Everything from the line containing "VIVIENNE WESTWOOD BROKEN" to the end of the listing, both included, should be returned exactly, apart from the pictures.

**SUPPLIED INFORMATION**
★ ★ ★ ★ ★
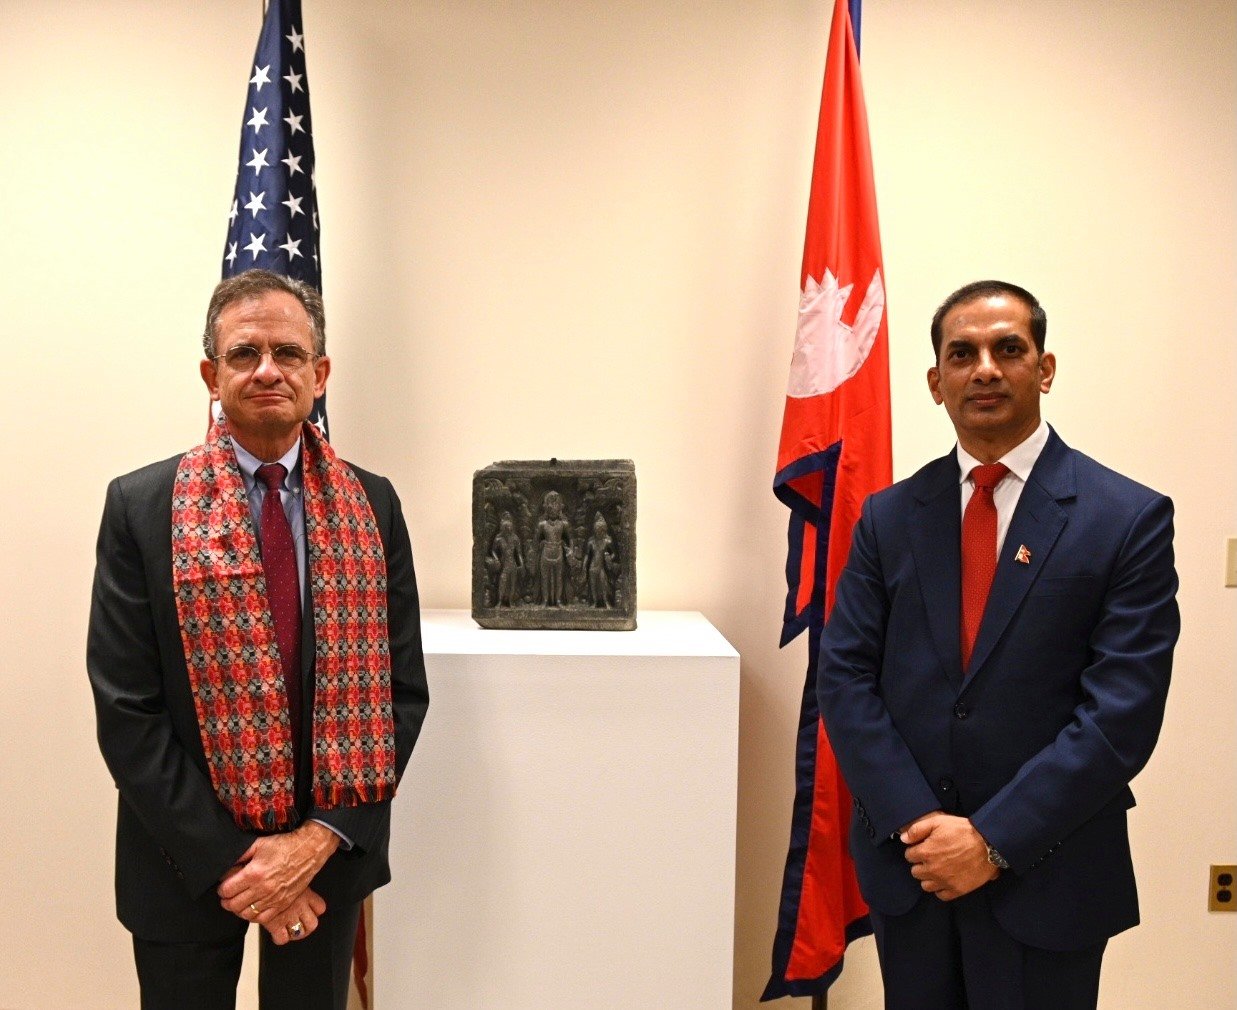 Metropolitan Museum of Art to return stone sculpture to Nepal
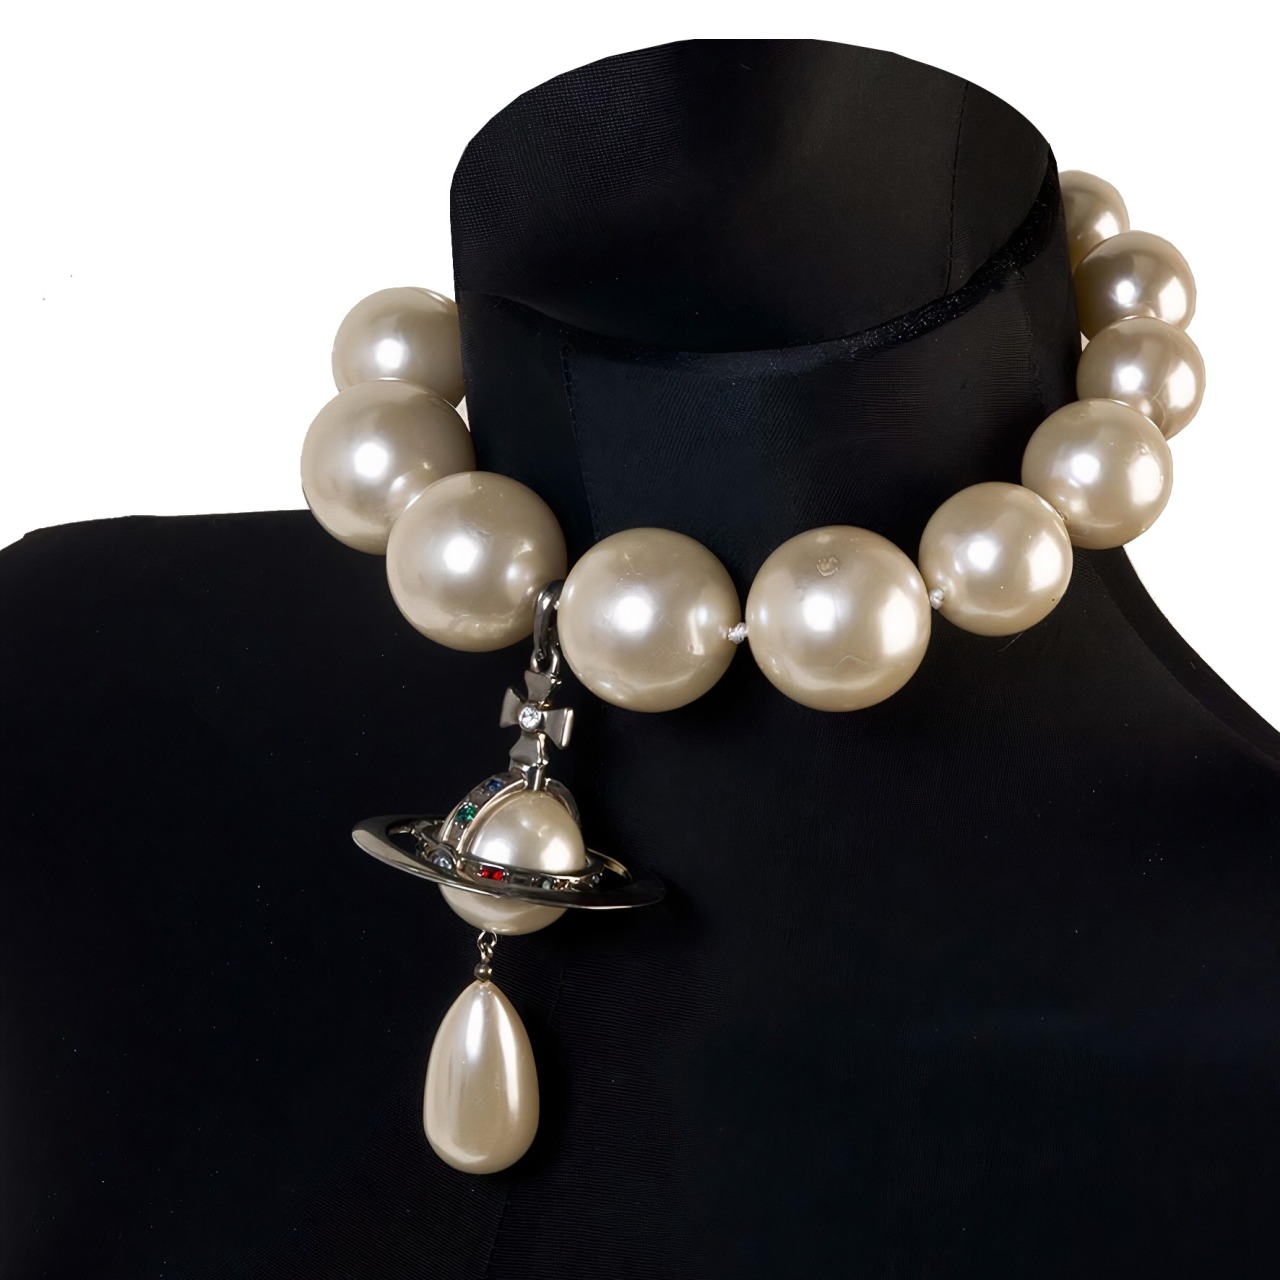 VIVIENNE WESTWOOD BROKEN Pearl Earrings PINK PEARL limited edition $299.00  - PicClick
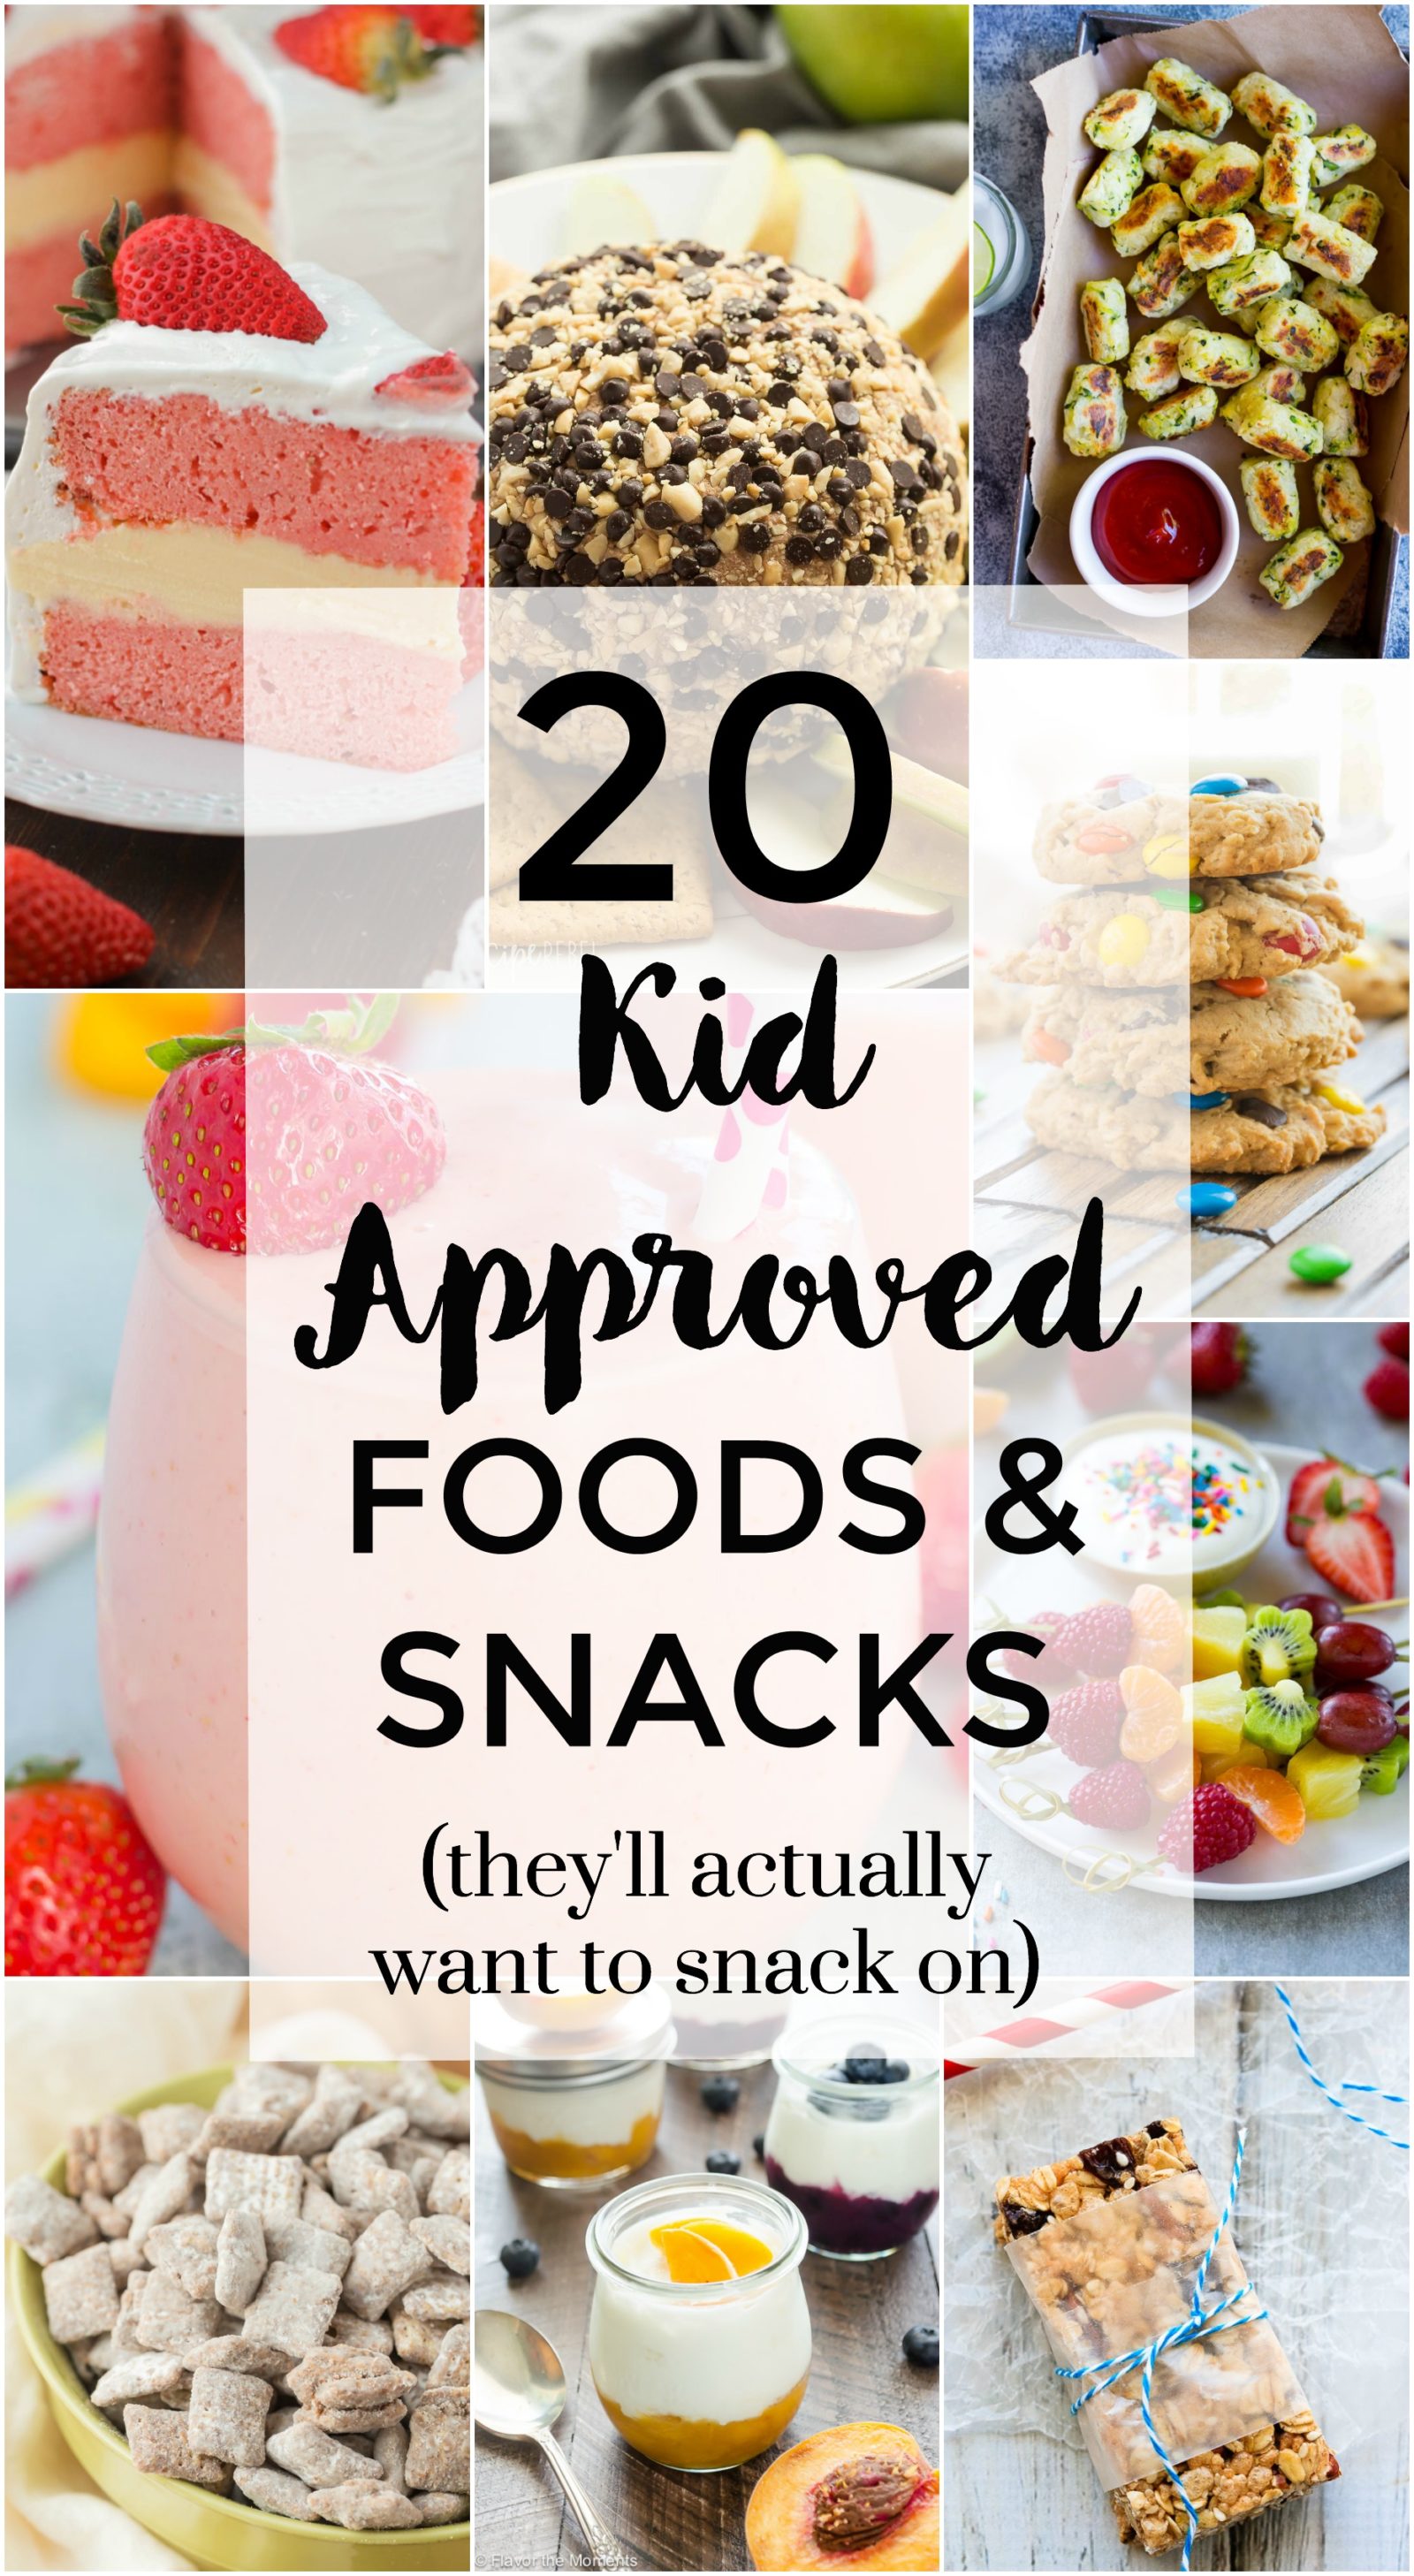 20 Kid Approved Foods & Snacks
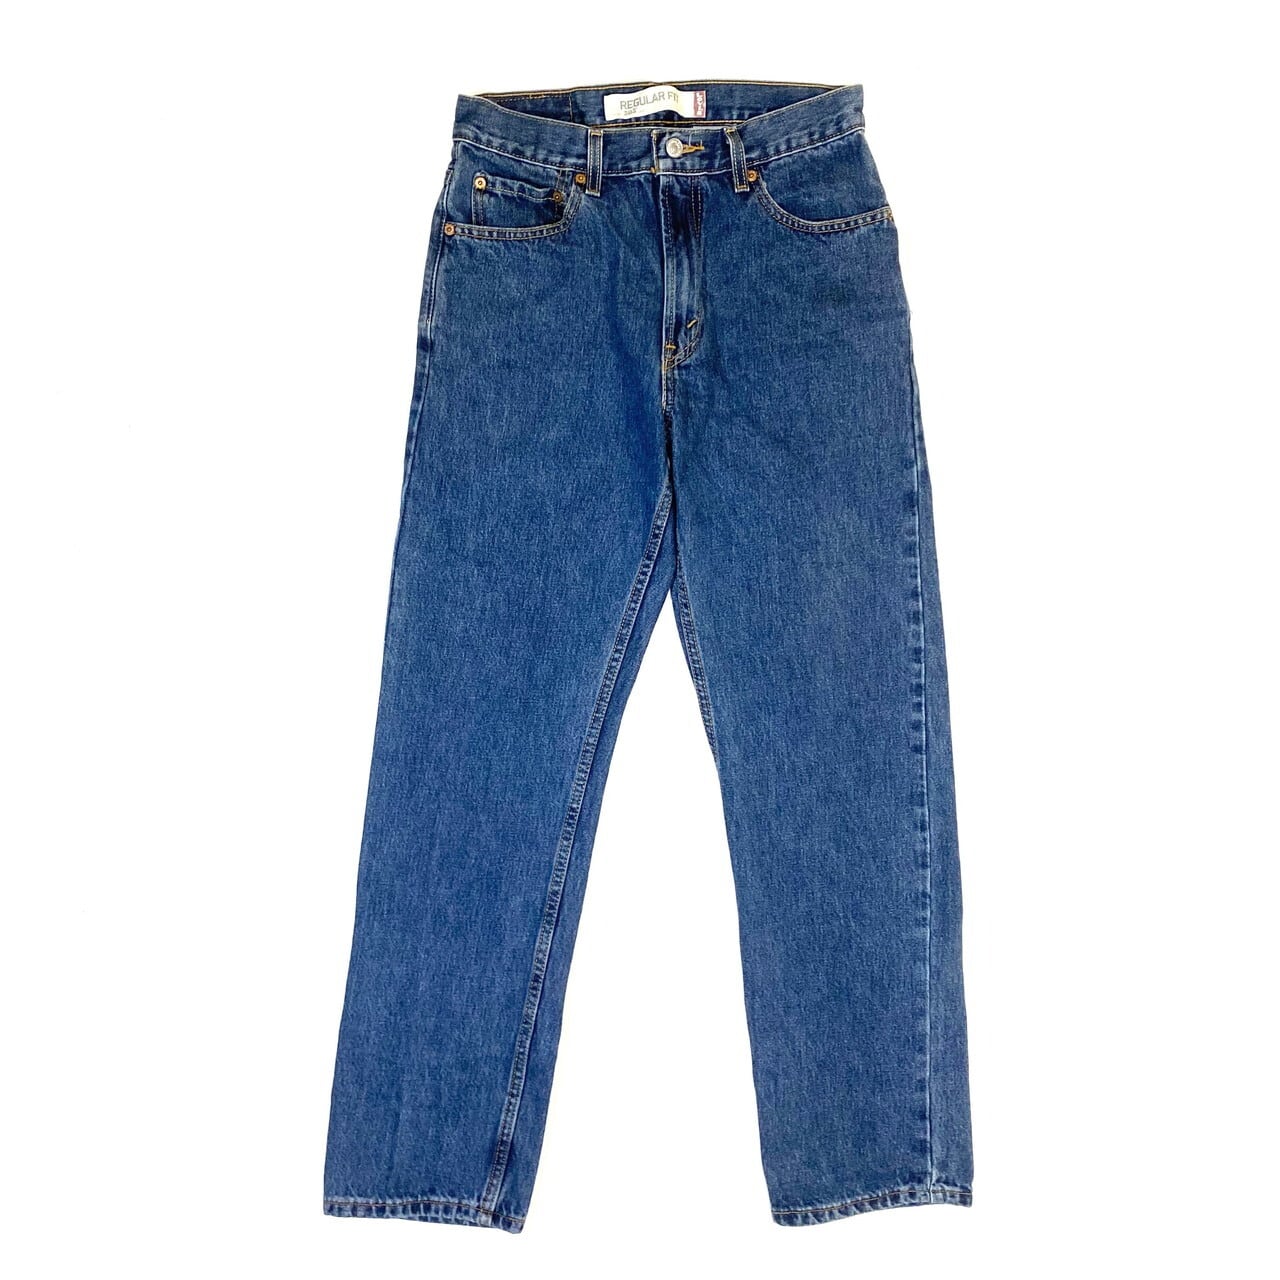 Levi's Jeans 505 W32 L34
★ ★ ★ ★ ★
**EXERCISE RESPONSE**
 VIVIENNE WESTWOOD BROKEN Pearl Earrings PINK PEARL limited edition $299.00  - PicClick
 20 Kid Approved Foods & Snacks
 Levi's Jeans 505 W32 L34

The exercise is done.